PROVIDED MATERIAL.
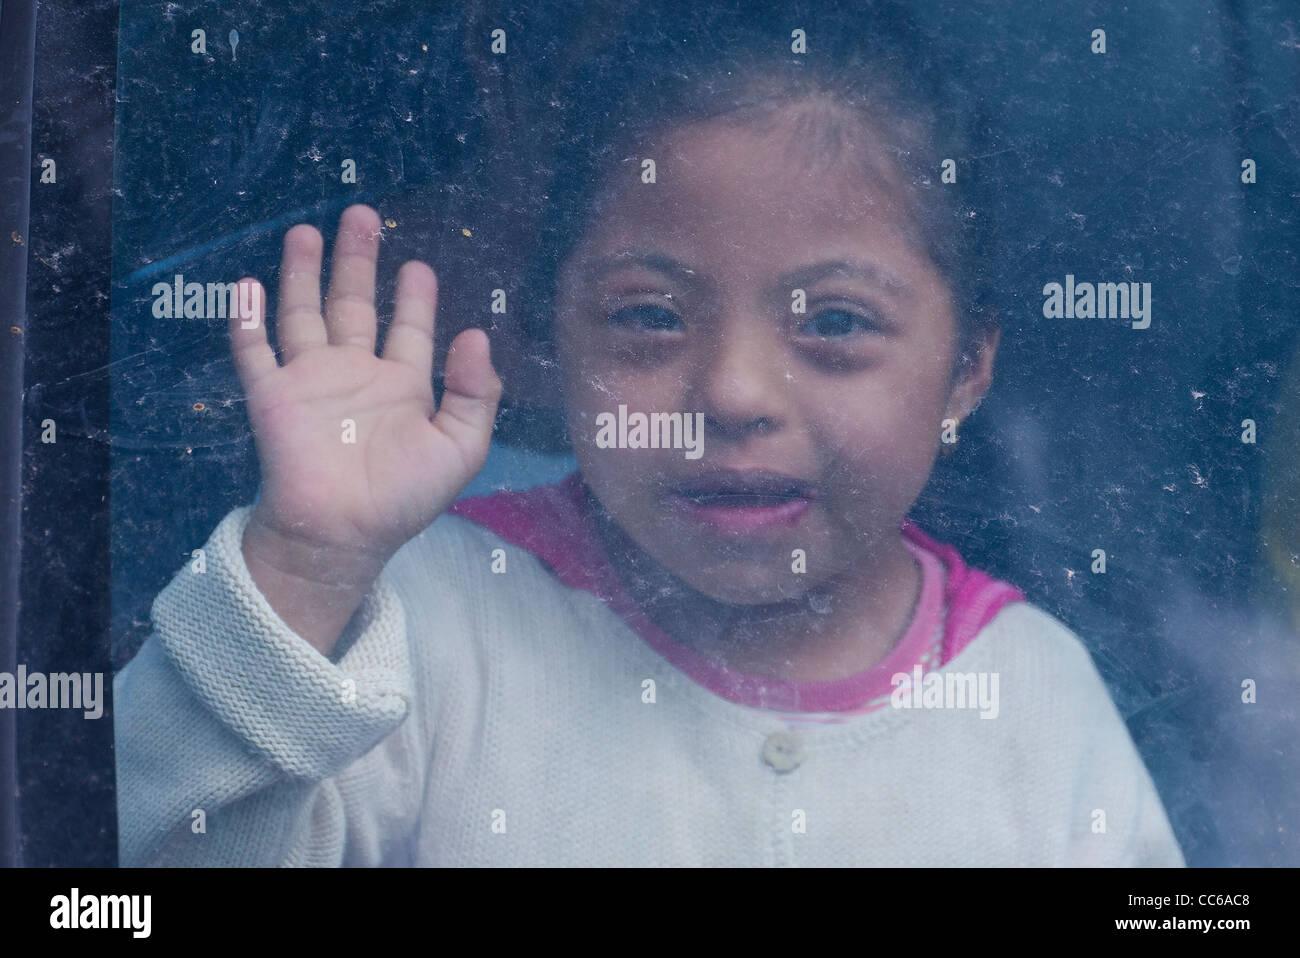 Una niña ecuatoriana niño mirando hacia adelante desde la oscuridad del interior de un coche Imagen De Stock
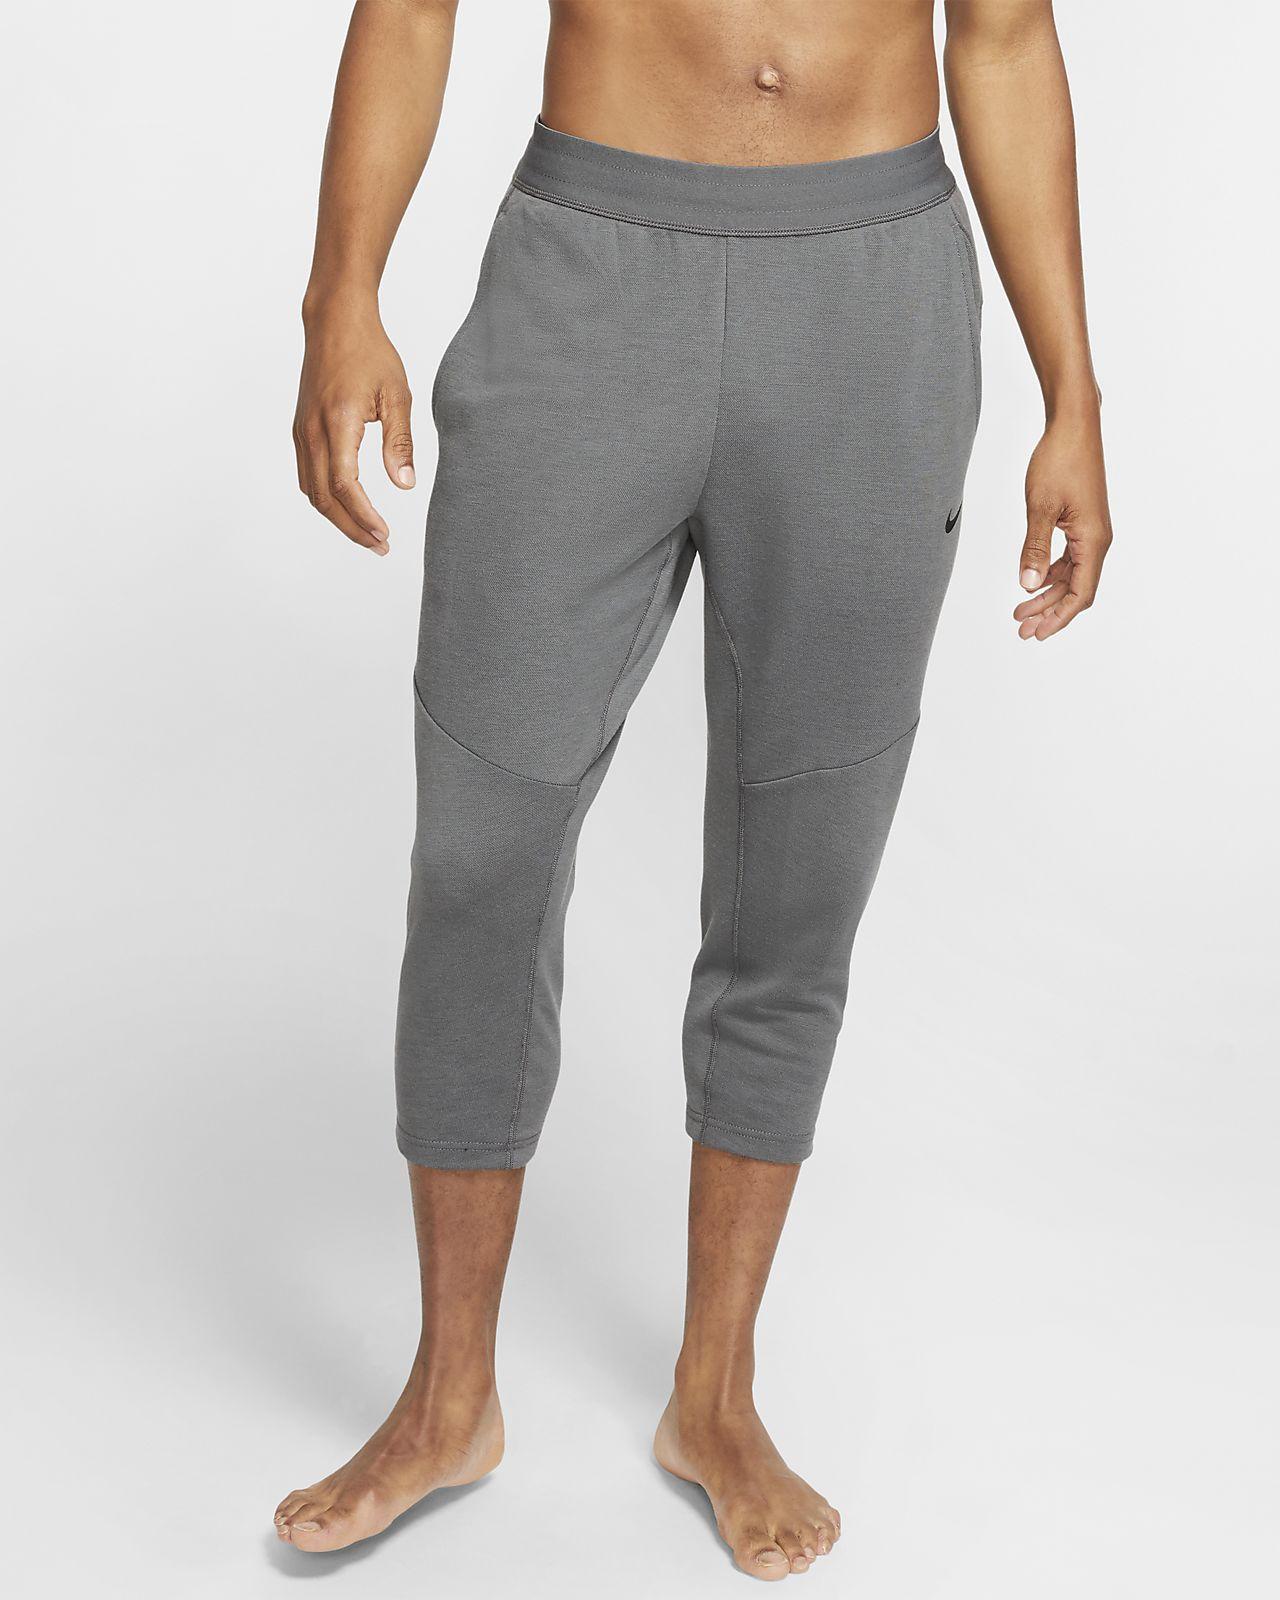 Nike Yoga Dri-FIT Men's 3/4 Pants
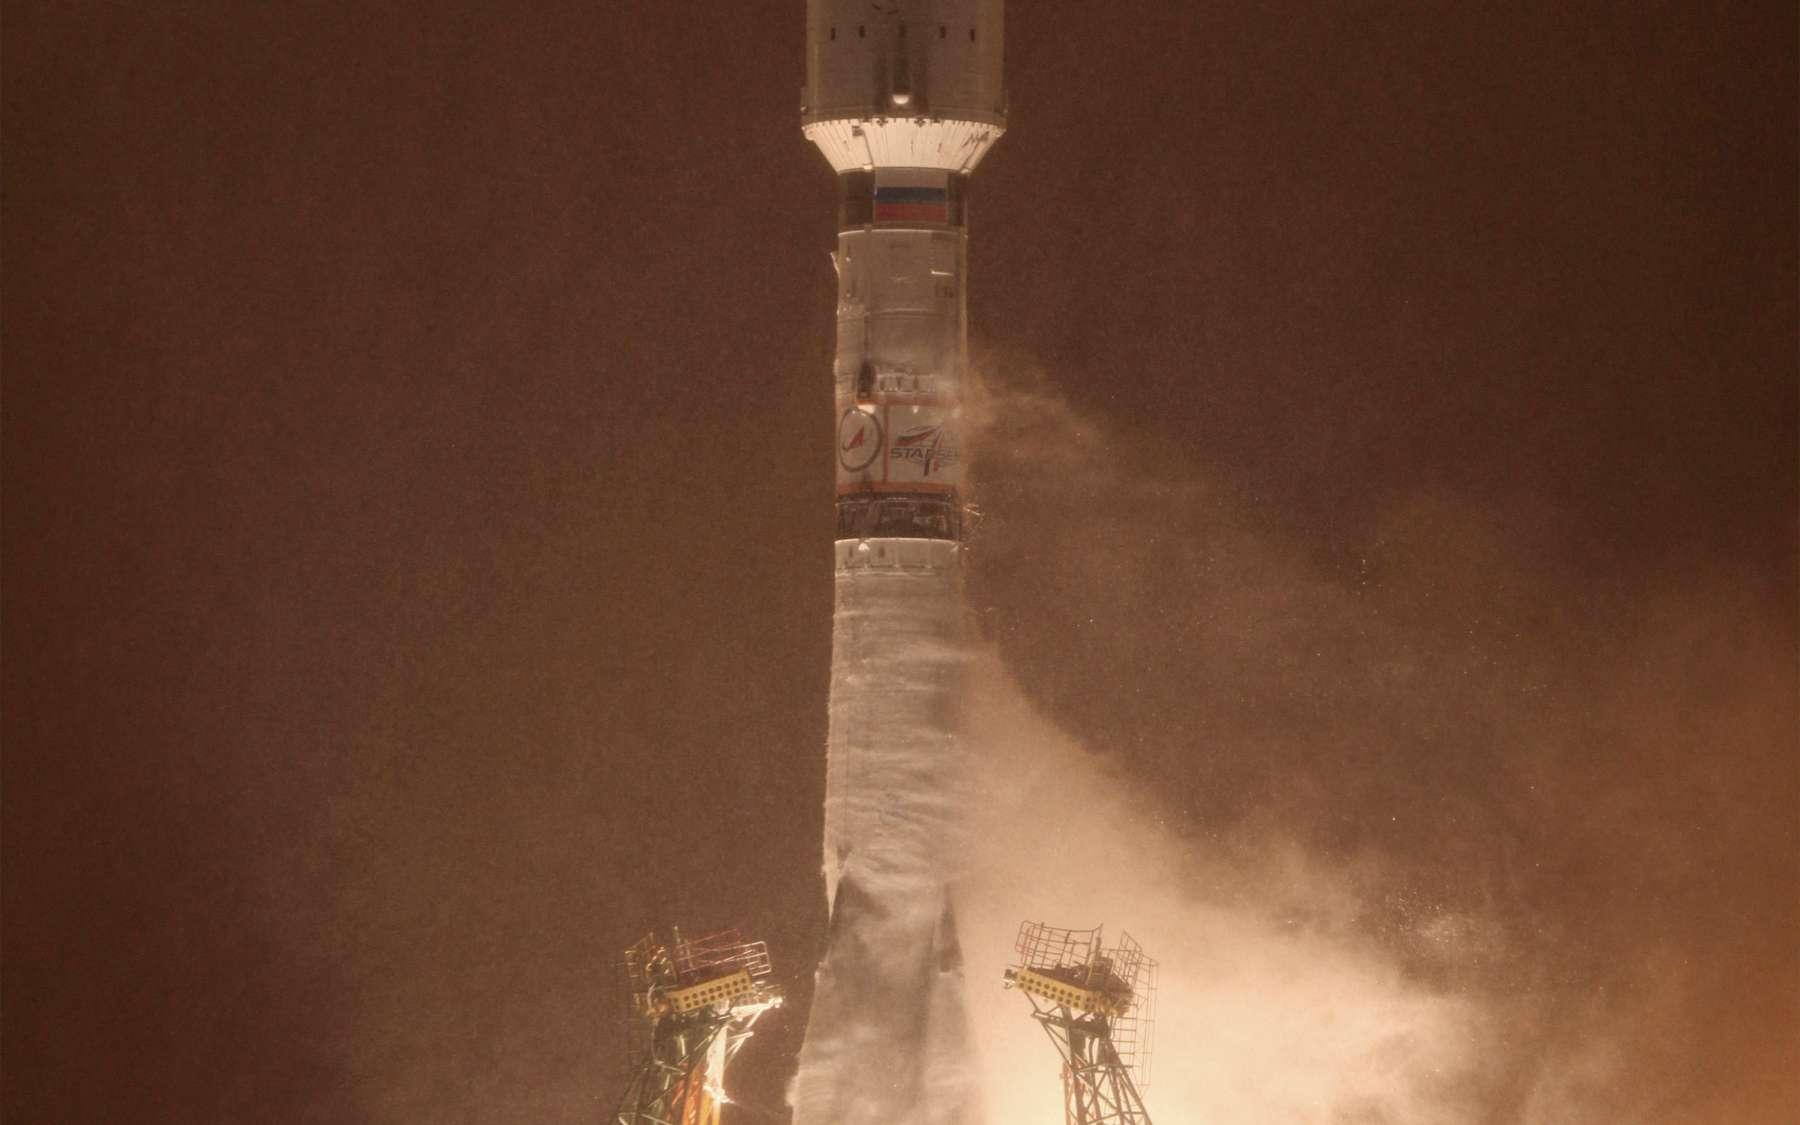 La série noire qui touche les lanceurs russes (Proton, Soyouz et Zenith) depuis décembre 2010 semble faire une pause pour les lancements de satellites étrangers. En effet, les seuls échecs concernent des satellites russes et un cargo Progress. Les six satellites Globalstar-2 ont été mis en orbite avec succès par un lanceur Soyouz (28 décembre 2011). © Roscosmos
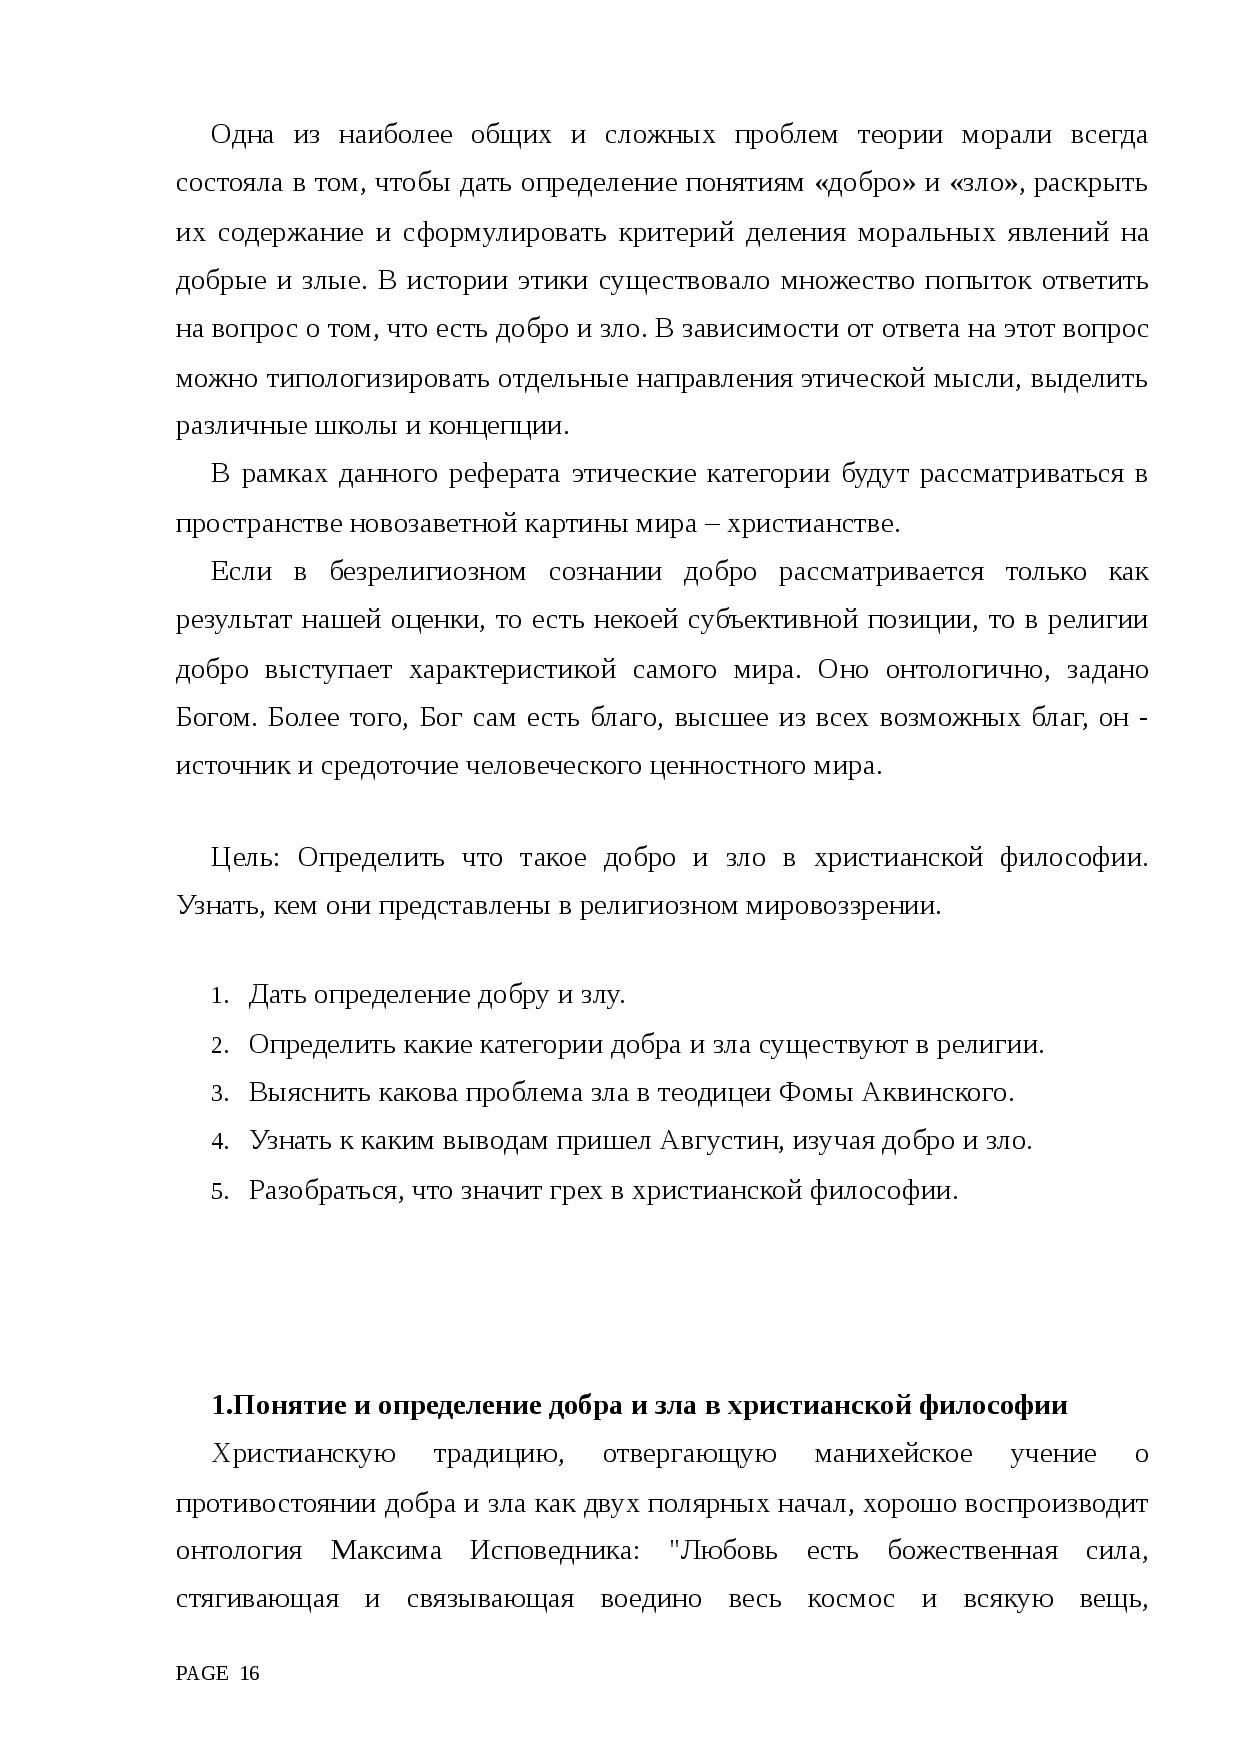 Структура современных религий — студопедия

WHAT TO DO. Retype the listing above exactly. Pictures are not part of the copy.

WRITTEN REPLY.
 Una niña ecuatoriana niño mirando hacia adelante desde la oscuridad del interior de un coche Imagen De Stock
 Nike Yoga Dri-FIT Men's 3/4 Pants
 La série noire qui touche les lanceurs russes (Proton, Soyouz et Zenith) depuis décembre 2010 semble faire une pause pour les lancements de satellites étrangers. En effet, les seuls échecs concernent des satellites russes et un cargo Progress. Les six satellites Globalstar-2 ont été mis en orbite avec succès par un lanceur Soyouz (28 décembre 2011). © Roscosmos
 Структура современных религий — студопедия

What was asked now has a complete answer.